To anyone who lived during the 1950s, Joseph McCarthy is a part of the decades, mostly as a villain, though he has gained a new fan base among some of the more provocative people on the right. He is seen as the personification of the Red Scare, even though as a Senator he had no official role in the House UnAmerican Activities Committee, nor was he considered a particularly right-wing Republican prior to his infamous speech in Wheeling, West Virginia (in fact he was a Democrat until 1944).
In his book, Buckley portrays McCarthy's humble beginnings and how he originally dropped out of school to be a rabbit farmer, and how he dropped back in after the farm failed, completing four years of High School in nine months. The story also goes on to talk about his accomplishments as a Judge, Marine, and as an early red hunter.

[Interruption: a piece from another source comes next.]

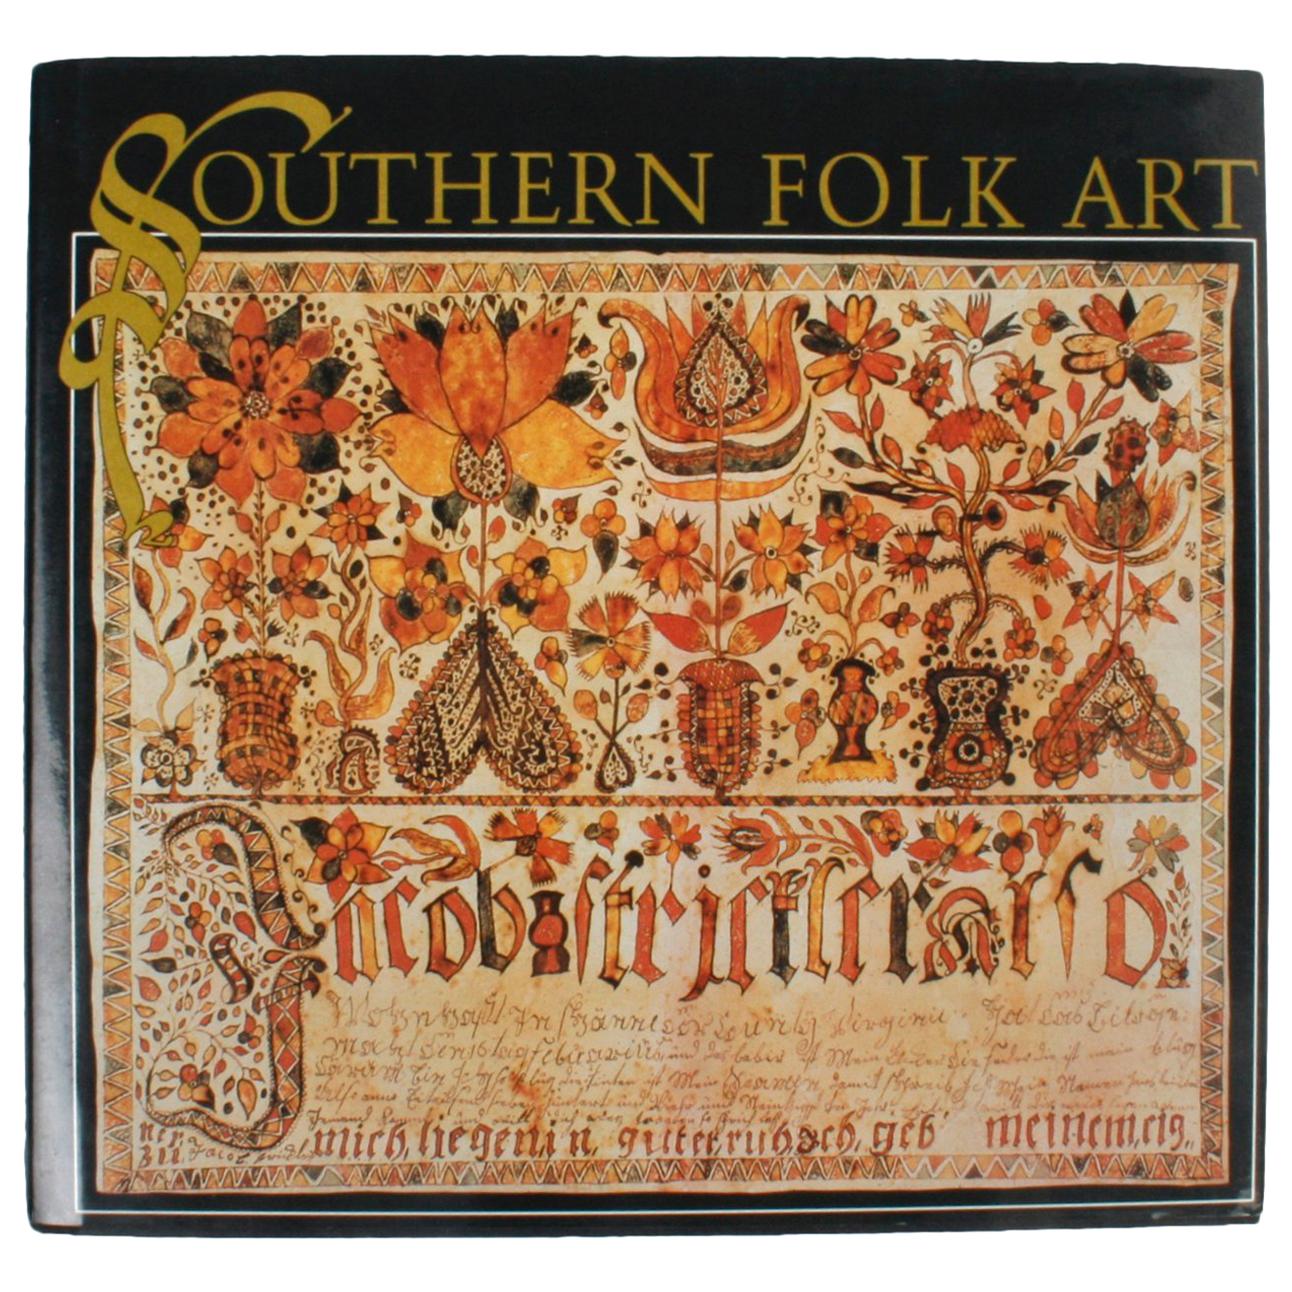 Artisanat du Sud, par Cynthia Elyce Rubin, première édition

The biography shows McCarthy's humanity as a flawed figure, but also one with great intelligence who could have been a very legitimate anti-Communist rather than a demagogue relying on insubstantial claims. Buckley seems to attribute Roy Cohn as the key to McCarthy's failings and the low road he took, which led to his censure and fall from grace. While Buckley does not praise or honor McCarthy as Ann Coulter did, he does show McCarthy as a three-dimensional and tragic figure, which is important to do as it is so much easier to make him a one dimensional villain and bogeyman archetype for everything negative about the 1950s. The fact that he could have been a force for good shows how much of a tragedy his life was.